Saturday, January 14, 2012

poems

I'm taking part in an exhibition that pairs artists with poets. More about that after I finish the work. For today I'm posting a lovely Wallace Stevens poem that a friend posted on Facebook. If I understand correctly, it has not been published.

"In a Cloudy Land"


In a cloudy land
There is a moving river
A deep and moving river
Sliding through gray sand


There is no sound there
Except of moving water
Of deep and sliding water
And of restless air


Two flamingoes pass
One then the other flying
Wearily, over-flying
That watery glass

The flamingoes make me think of my roots in Florida- such funny birds, so beautiful in masses. But of course it's not about that. I think the poem is about living, about being in the unknown, but living each day, staying in motion; and every once in a while, something happens, something colorful and fleeting, interrupting the silence and the gray.

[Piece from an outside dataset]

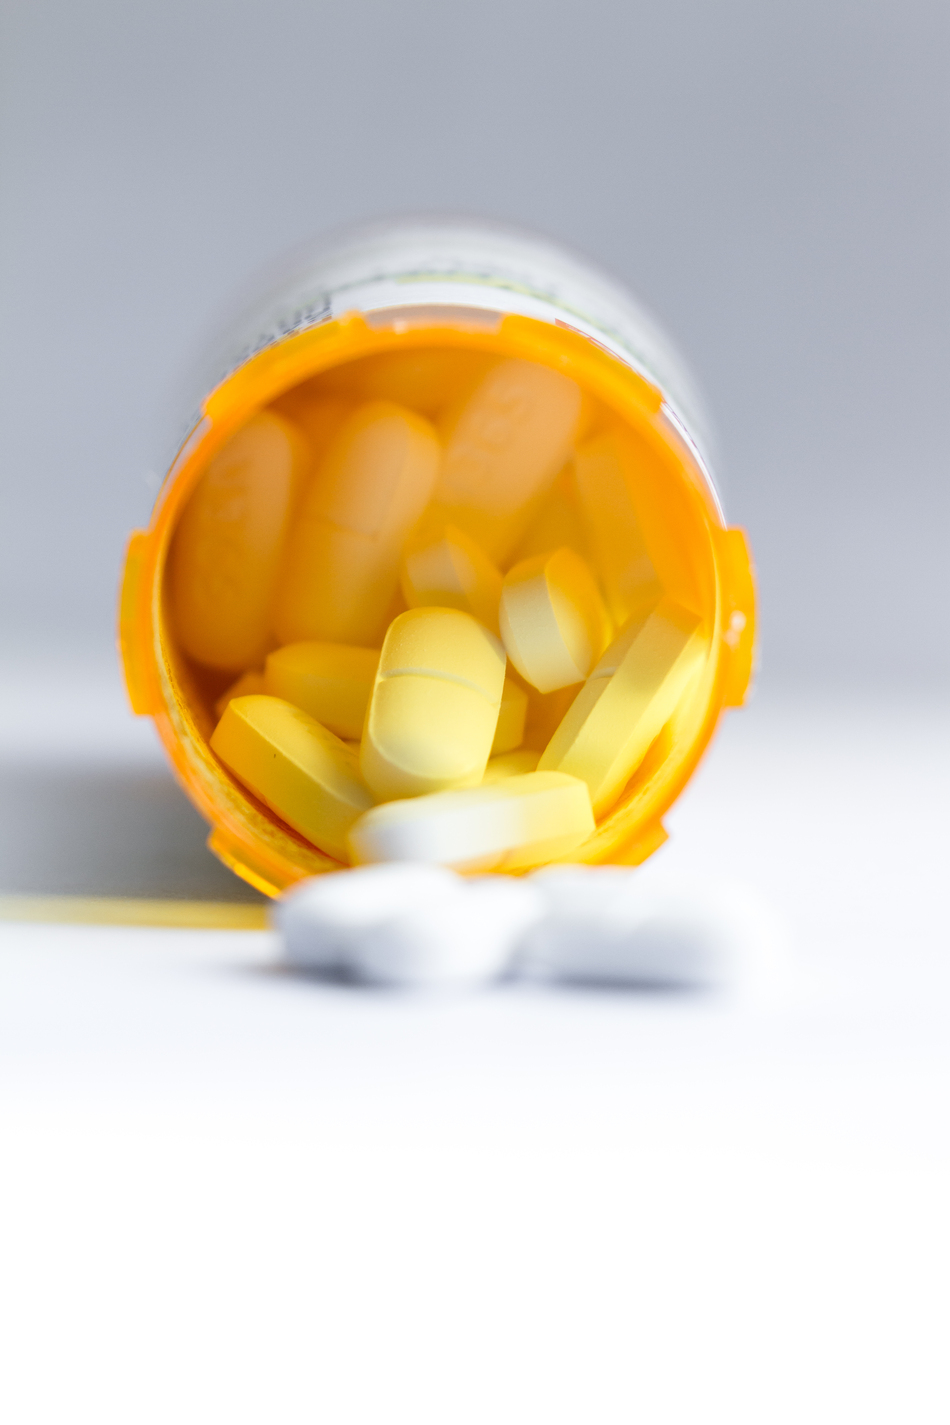 Protect Yourself From Opioid Addiction By Asking Your Doctor These Questions

Wednesday, January 4, 2012

Mysticism of Islam

For years I've been interested in Islamic art forms. I've always thought the Muslim and Hebrew values and traditions to be closely related, and I've spent many hours looking at illuminated texts from both religions. The more I see Islamic art, the more I become aware of its richness, density, and systematic underpinnings that adhere to mystical narrative. For instance, consider this passage from Keith Critchlow's Islamic Patterns: An Analytical and Cosmological Approach:

Once the enclosing circle is completed, a unity is obtained; this reflects the unity of the original point. The circle is not only the perfect expression of justice—equality in all directions in a finite domain—but also the most beautiful “parent” of all the polygons, both containing and underlying them. Outside the concept of time, the circle has always been regarded as a symbol of eternity, without beginning and without end, just being. As a symbol within the limits of time, or rather subject to that condition of existence, it passes around just as the active compass point returns to its first position it necessarily passes over it and in principle establishes a helix—the expression in time of the circle. The circle expresses “threeness” in itself, i.e. center, domain, periphery; and “fourness” in a manifest context, i.e. center, domain included, boundary, domain excluded.

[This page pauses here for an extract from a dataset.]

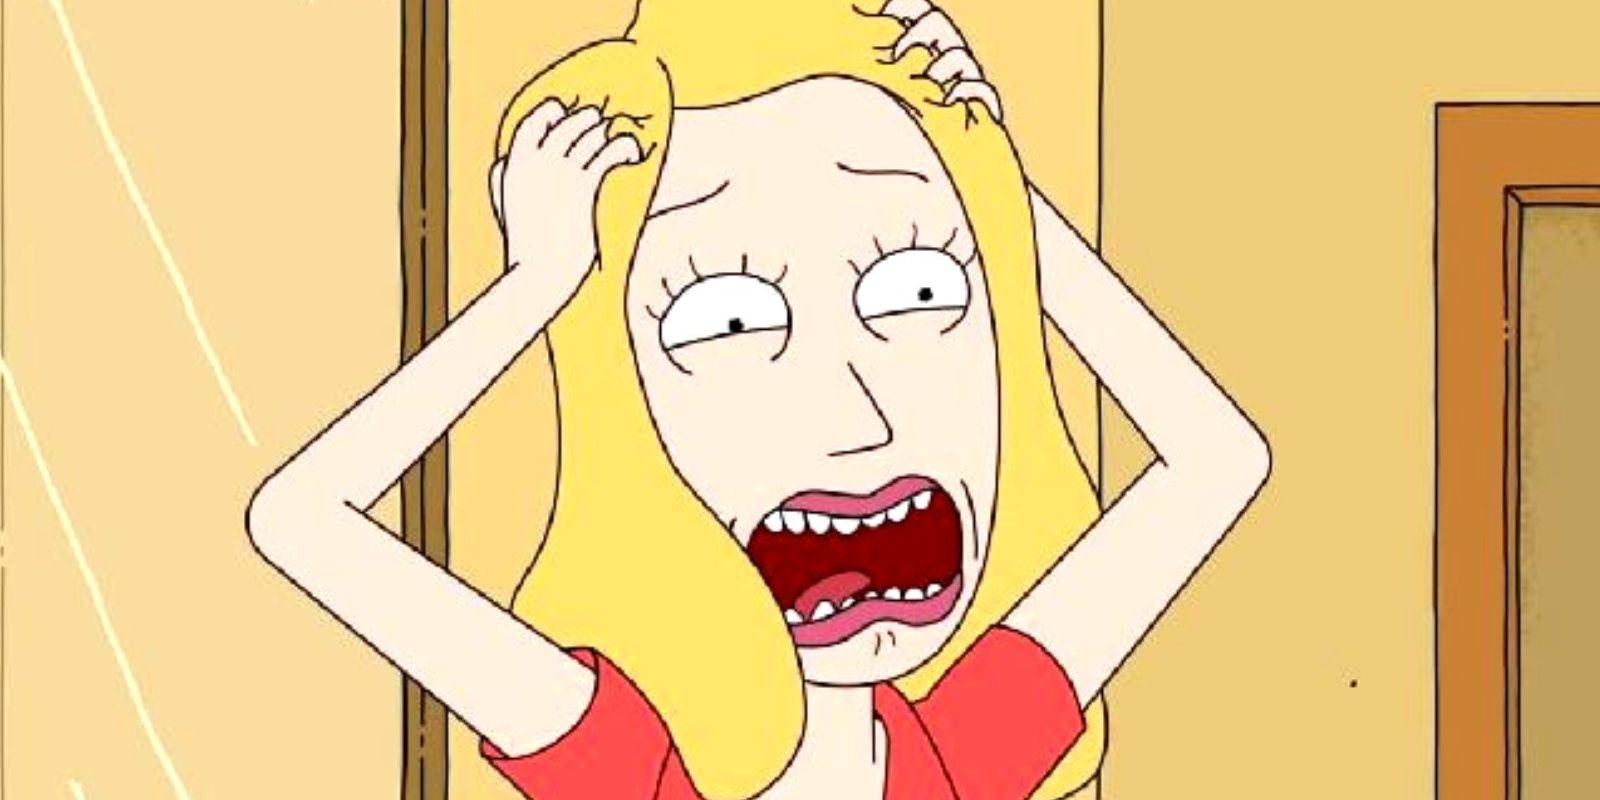 Beth in Rick and Morty

I've been working with circles within squares in various forms, most obviously in my series Aureola

I was thinking about crop circles, too. Flying back and forth from east to west, you can't help but be struck by the patterning of circles and squares that stretch across the landscape below. 

When I was in New York recently, I visited the Metropolitan Museum's fabulous new Islamic wing, now called Art of the Arab Lands, Turkey, Iran, Central Asia and Later South Asia. Imagine that on a wall text! Artisans from Fez were brought in to do the carving in a recreation of a Moroccan portico:


The galleries are really exquisite and full of wondrous things. I took a few photos (not enough, I realize now.) I saw a lot of Islamic manuscripts while in New York. There was an exhibition of them at the Morgan Library as well.

This page is at the Met. It illustrates an episode in the mystical Sufi poem, "The Conference of the Birds." Here is the wikipedia synopsis: 

The Conference of the Birds (Persian: منطق الطیر, Mantiqu 't-Tayr, 1177) is a book of poems in Persian by Farid ud-Din Attar of approximately 4500 lines. The poem's plot is as follows: the birds of the world gather to decide who is to be their king, as they have none. The hoopoe, the wisest of them all, suggests that they should find the legendary Simorgh, a mythical persian bird roughly equivalent to the western phoenix. It is an allegory of the quest for God (The Simorgh). The hoopoe respresents a sufi master and each of the other birds represents a human fault which prevents man from attaining enlightenment. When the group of thirty birds finally reach the dwelling place of the Simorgh, all they find is a lake in which they see their own reflection.


I took that photo with my phone so it's not the best, but if you check that wikipedia entry there is a better one, though it's not the full page with the beautiful border. You can see the hoopoe on the rock towards the right side. He's not the biggest bird, but he apparently knew how to work a crowd. I never saw a hoopoe and wondered what they look like, so here is a photo of one:


Quite a snappy little fella! I love this story for many reasons, and have a wonderful book of it published in the UK last year. The Sufis believe that the deity is within each of us, and I think that's a great concept. Back in the day I used to go to Kripalu, the yoga retreat. After each yoga class the instructor would make a praying bow to each of us and say, Jai Baghwan. I bow to the light within you.

It's a new year. Let's acknowledge the light within ourselves.